Use the free budget planner and find out how to save £1,000s giving yourself a money makeover, according to our Money Saving Expert Martin Lewis
Step 1: Do you spend more than you earn?
Do a budget properly and you'll immediately discover if you spend more than you earn, and can then prioritise your outgoings to remedy it. Yet most budgets are nonsense as they focus on a typical month, forgetting daily pastries, weekly shops, annual holidays and more. For example, spend £600 on Christmas, and you need to factor it in at £50 a month.
To do a proper budget it you need to gather a few months worth of bills and make some time. You can either do it on paper or I've developed some tools that do the whole process for you.
Martin's free budget planners are available via the useful links section.
Step 2: Pain-free savings – cut bills without cutting back
If you spend more than you earn – or even if you don't – you should try to make pain-free savings. This includes getting the best bank account, shopping around for the cheapest contact lenses, paying less for medication, cutting the cost of travel and more. The best part is, it involves no lifestyle change, so you won't notice the difference, except for in your wallet.
Don't just think this is about credit cards, benefits, mortgages, and car insurance though – you can also save on childcare, council tax and energy too. In fact, you need to go through everything you spend money on to see if you can do it for less.
The useful links section has some specific examples, and a full money makeover guide which takes you step-by-step through all the possible savings.
Step 3: Still spend more than you earn?
Now it's worth revisiting your budget, incorporating your new predicted expenditure based on the expected pain-free savings. What you do thereafter depends on the result.

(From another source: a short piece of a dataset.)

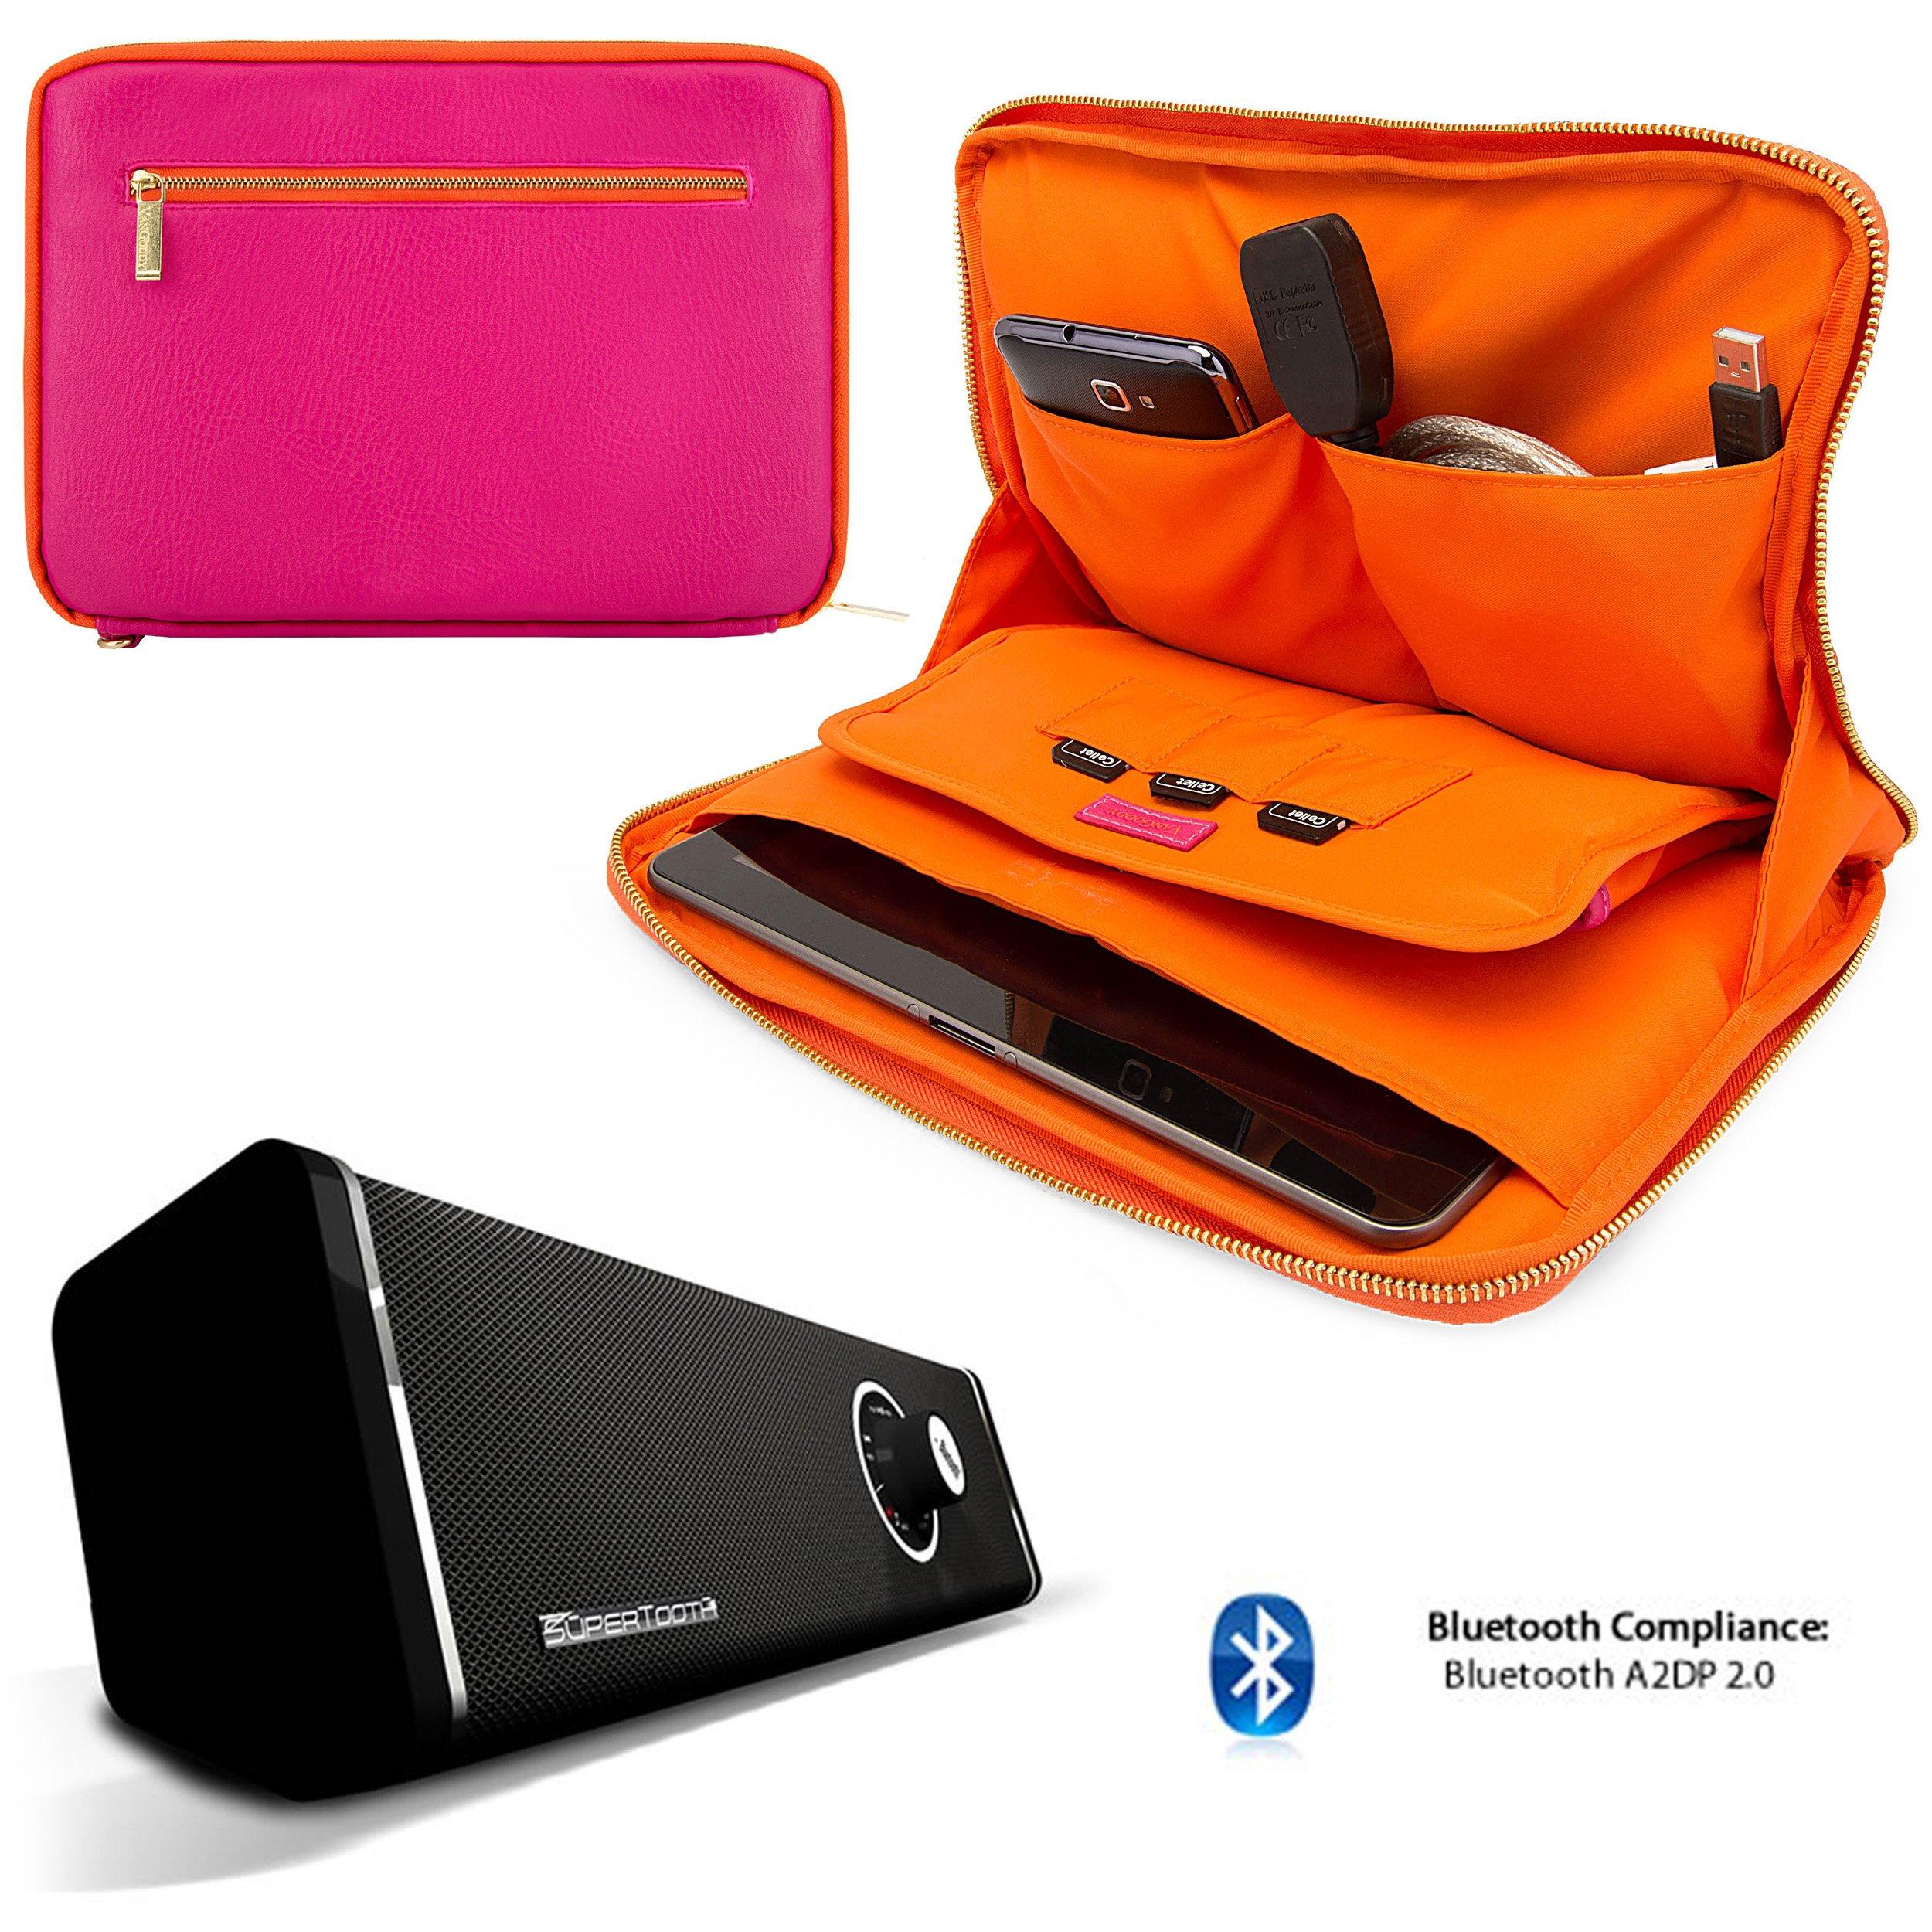 Travel Leatherette Sleeve For Samsung Galaxy Tab S 10.5 / Galaxy Tab 4 10.1 / Galaxy Tab Pro 10.1 + Bluetooth Speaker by VangoddyCase (Image #1)

- Are you spending within your means? Congrats! You need do nothing more – unless you'd like to start saving or repay more debt- but it's important to keep monitoring your finances. Effective budgeting is still worthwhile too (see step 5).
- Spending more than you earn? If even after pain-free savings you're still overspending, then it's time for step 4.
Step 4: Cutting back - painful savings
If you are still spending more than you earn – you are in danger of a debt spiral. That's where to maintain your lifestyle you need to keep borrowing – so the debt grows until all your income is taken up repaying it. Then you're really in trouble.
At this point, there's no choice but to start cutting back. This could be as easy as getting rid of subscription TV and taking your own sandwiches to work, or never going out and minimising on all expenditure. It depends entirely on the severity of your circumstances.
And if you're struggling to meet even the minimum repayments on debts, it's likely you need urgent guidance. Speak to free non-profit, non-judgmental debt crisis agencies like Citizens Advice (check the Yellow Pages for your local office), Consumer Credit Counselling Service (CCCS – 0800 138 111), Christians Against Poverty (01274 760 720 the religious focus is why they do it, not how they do it) and National Debtline (0808 808 4000).
Step 5. Piggybanking – stay within your budget
Making a budget work on paper is often easy – the difficulty is sticking to it. To help you can try my 'piggybanking' technique which involves using several small accounts for different spending categories – though don't try it if it leaves one account in debt.
Once you've worked out how much you can spend in each area to give yourself a balance, budget, then set up special accounts for each of the main categories you want to save for (e.g. bills, Christmas, holiday, an emergency fund). Then when you get paid, simply have standing orders shift the right amounts from your main bank account to the piggybanks.
Then whatever's left in your main bank account is actually spendable each month, and you know you can genuinely afford to use it. And when you look in your holiday account it'll show you how much you can actually afford to spend on a holiday. It may not be what you wanted, but it's what's right to keep your finances under control.